予算制約式: \[ 100x_A + 200x_B = 1000 \] 効用最大化のためにラグランジュ法を使うと、 \[ \frac{x_B}{x_A} = \frac{100}{200} = \frac{1}{2} \Rightarrow x_B = \frac{1}{2}x_A \] 代入して解くと、 \[ 100x_A + 200\left(\frac{1}{2}x_A\right) = 1000 \Rightarrow 200x_A = 1000 \Rightarrow x_A = 5, \quad x_B = 2.5 \]

ステップ2:価格変化後の新しい最適点

新しい予算制約式: \[ 80x_A + 200x_B = 1000 \] 同様に \[ x_B = \frac{1}{2}x_A \Rightarrow 80x_A + 200\left(\frac{1}{2}x_A\right) = 1000 \Rightarrow 180x_A = 1000 \Rightarrow x_A \approx 5.56, \quad x_B \approx 2.78 \]
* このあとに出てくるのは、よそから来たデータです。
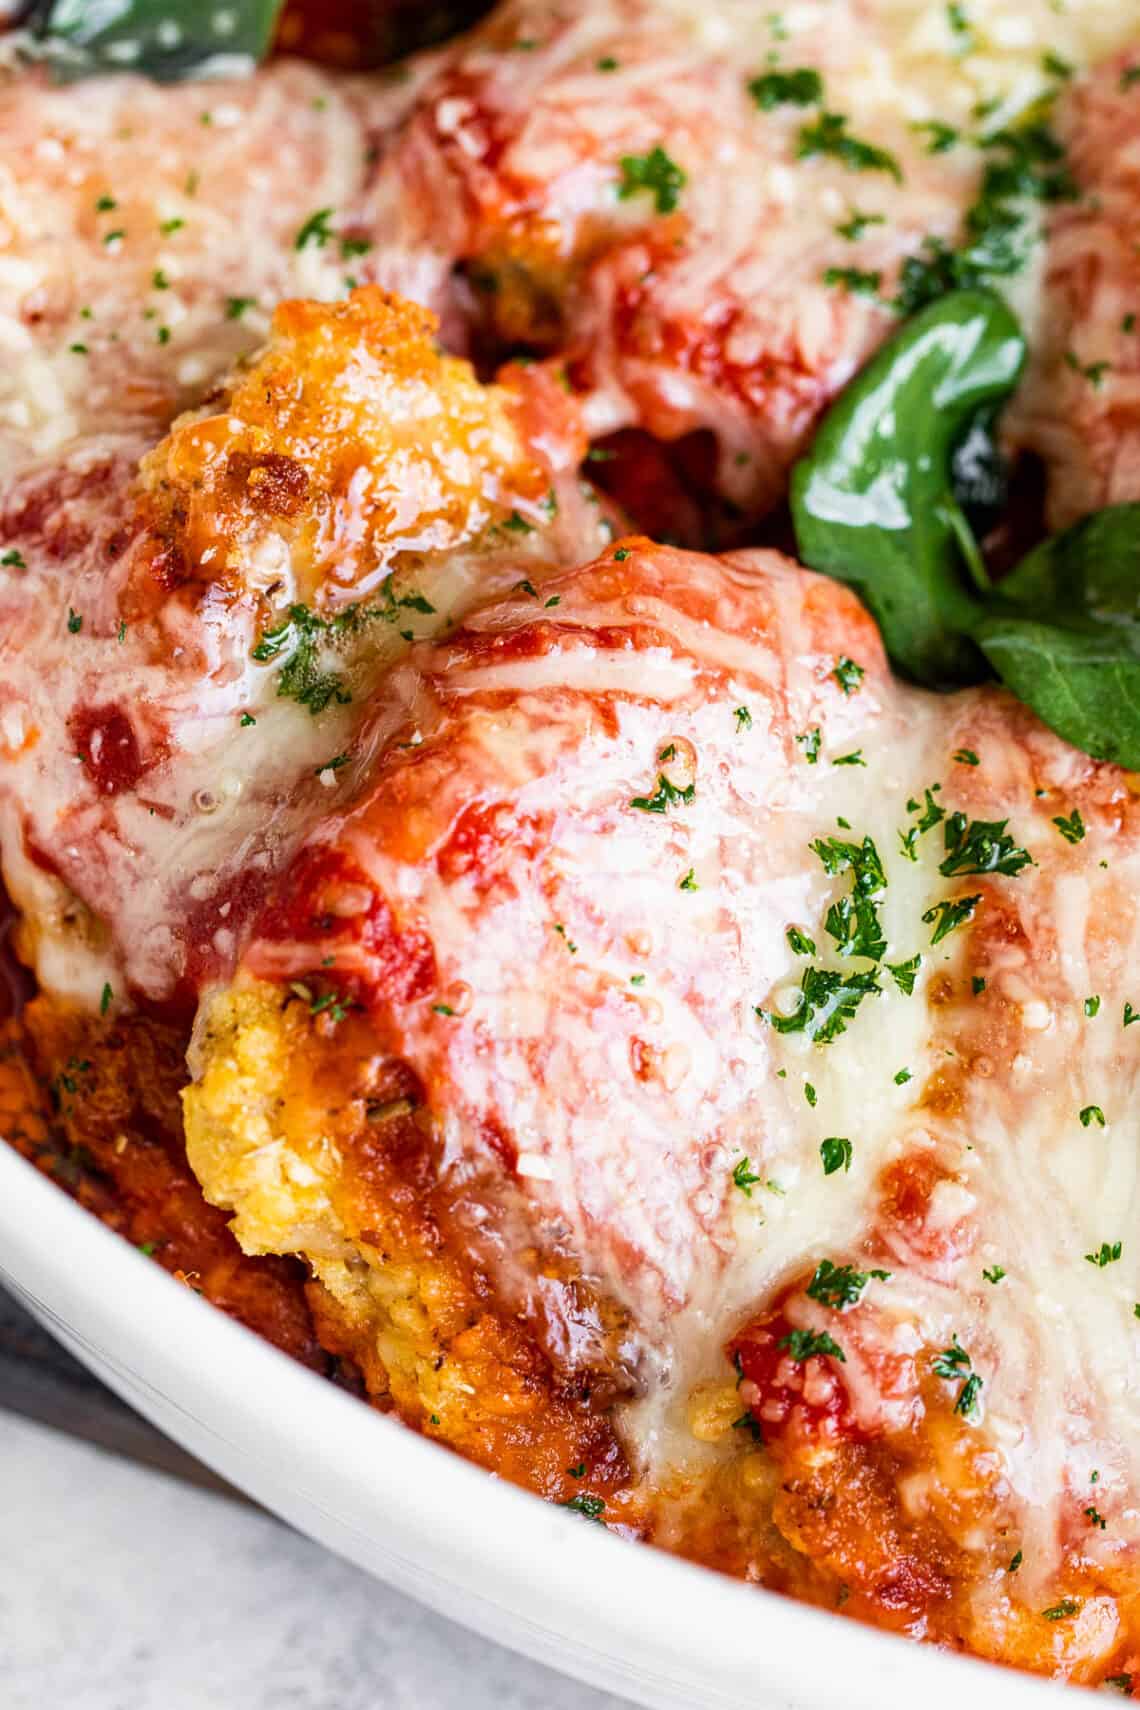 The Best Pork Dinner Recipe | How to Make Pork Parmigiana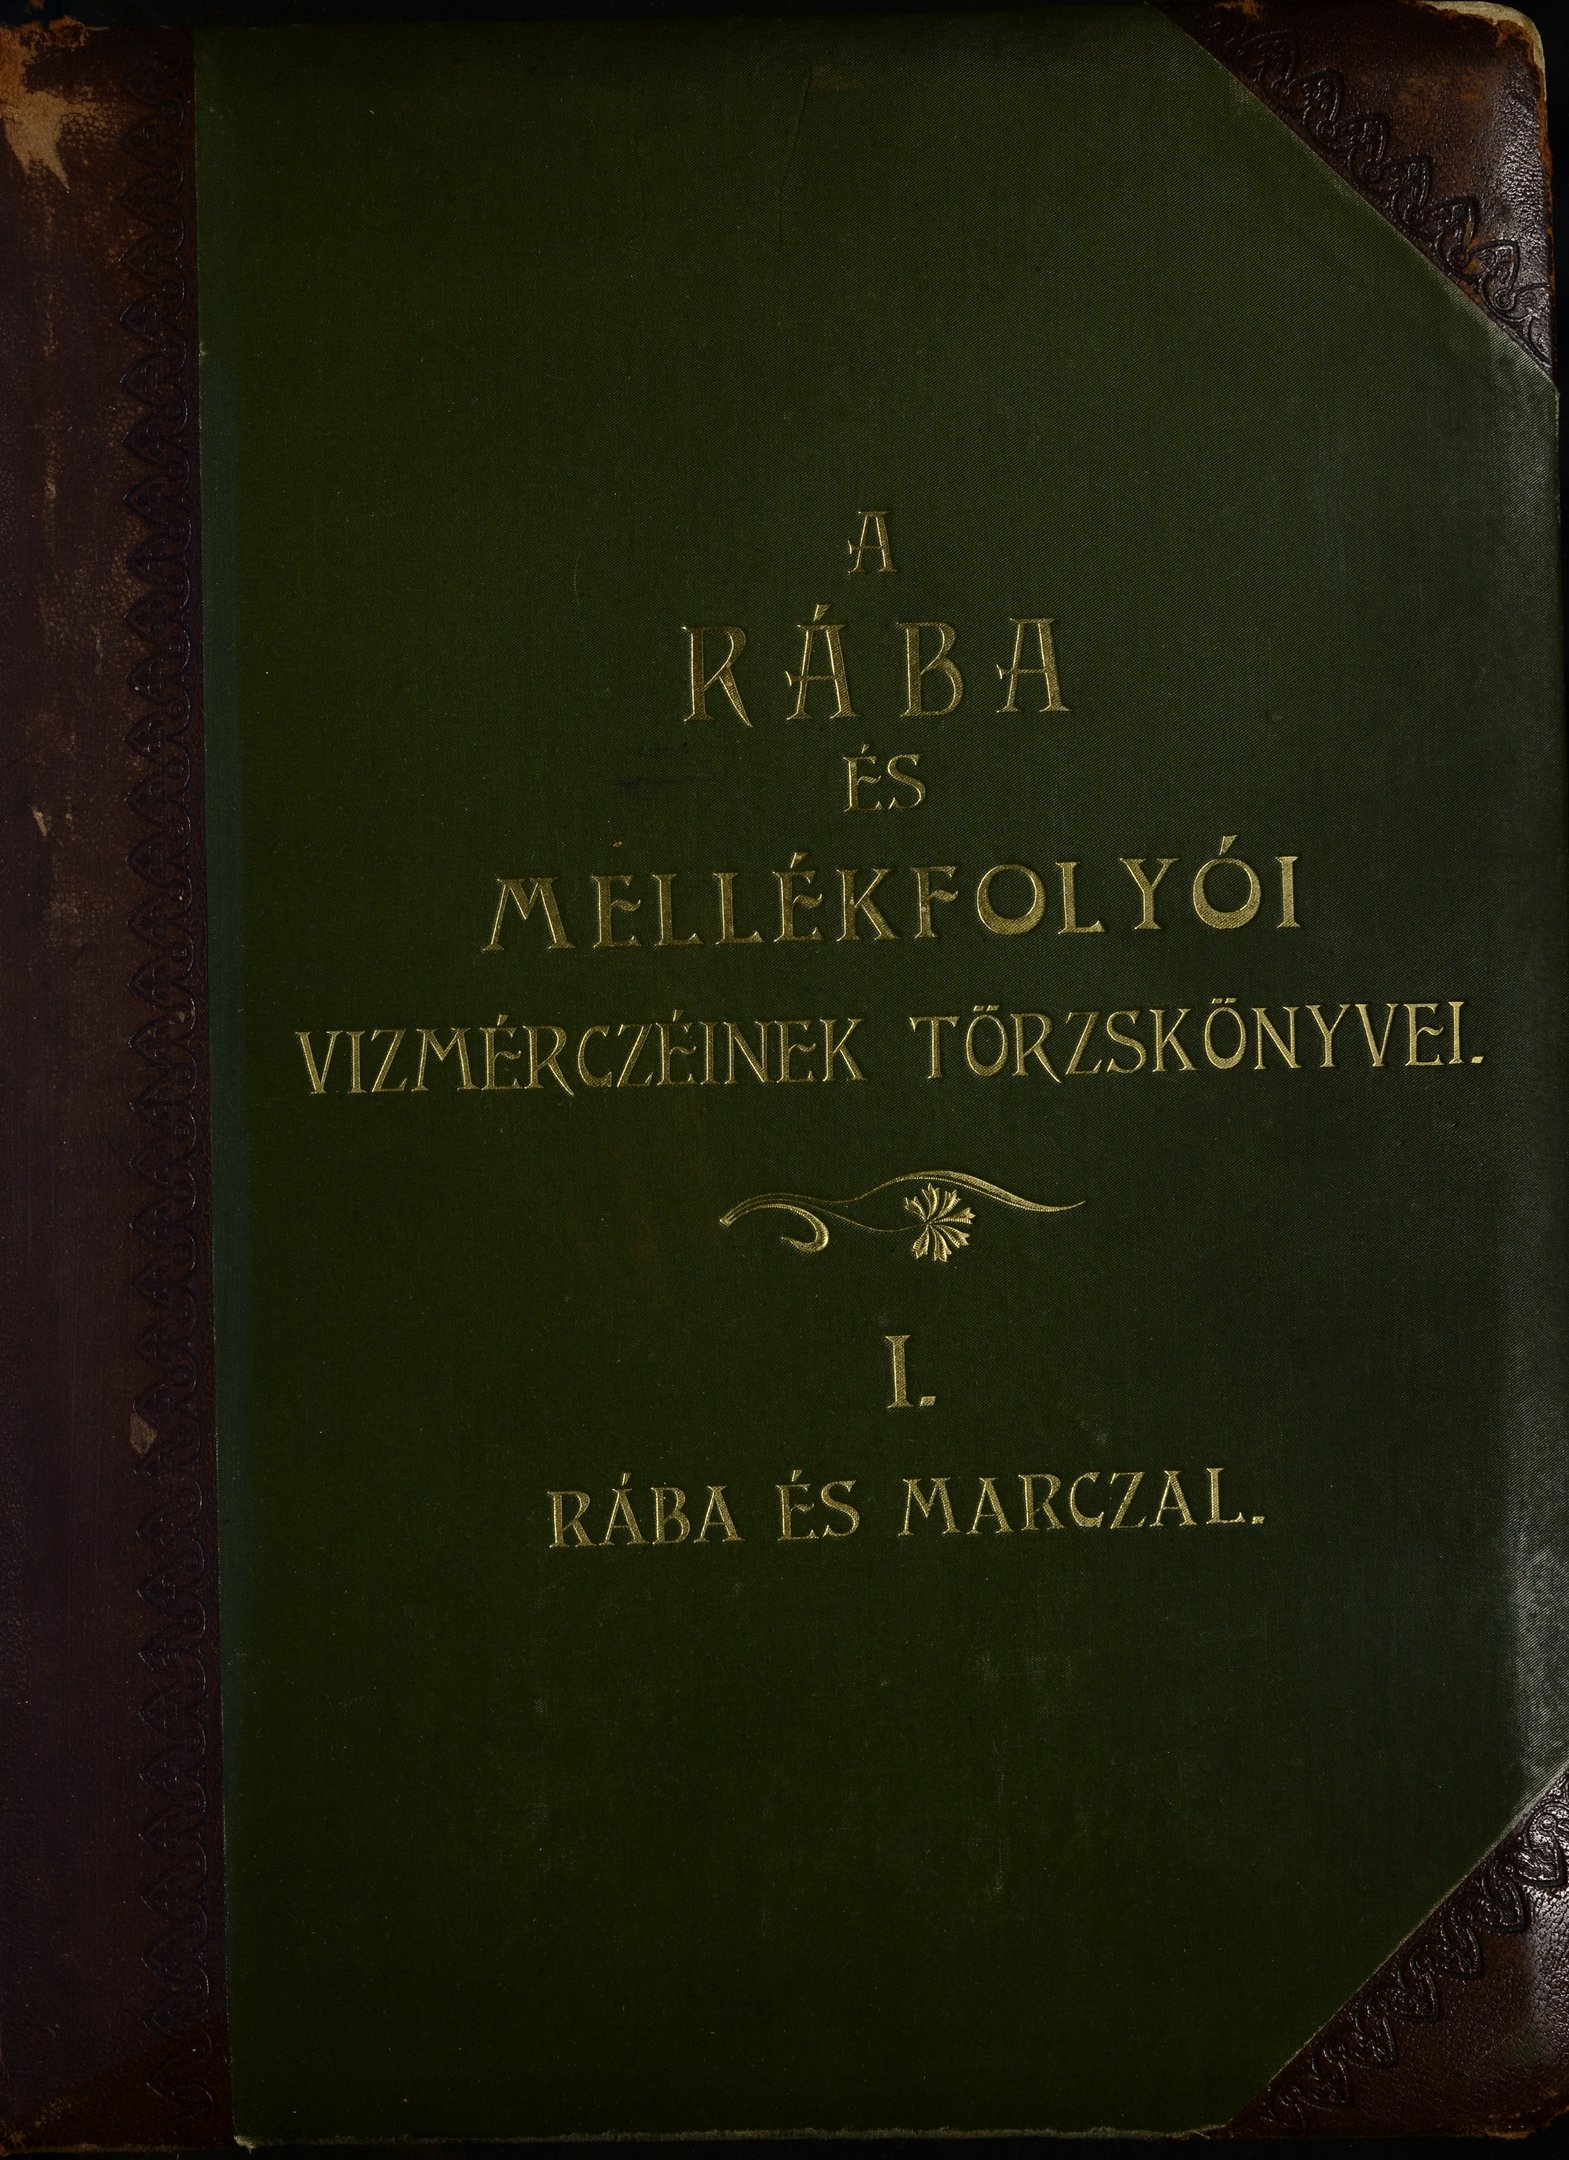 A Rába és mellékfolyói vízmércéinek törzskönyvei - Rába és Marczal (Magyar Környezetvédelmi és Vízügyi Múzeum - Duna Múzeum CC BY-NC-SA)

ステップ3:代替効果と所得効果の分離(スルツキー分解)

効用を一定に保つための補償所得を求め、それに基づく消費点を計算します。 \[ U = 5 \cdot 2.5 = 12.5 \] 新価格下で \(x_A \cdot x_B = 12.5\) を満たす点で予算制約が成り立つように調整された消費点を求めます。 最終的な分解結果として、代替効果によって \(x_A\) が5から5.3に増え、所得効果によってさらに5.3から5.56に増加したとします。これで、代替効果と所得効果を分離して理解できます。

まとめ

代替効果は経済学の中心概念の1つであり、スルツキー分解やヒックス分解を使えば、価格変化が消費行動にどのように影響するのかを理論的に分けて理解できます。

スルツキー分解は購買力を固定して分析する方法で、現実的なアプローチです。一方、ヒックス分解は効用を固定して、理論的に純粋な代替効果を捉えることができます。

高校生でも数学的な考え方とともに、代替効果を定量的に理解できるようになれば、大学レベルの経済学にもスムーズに進むことができるでしょう。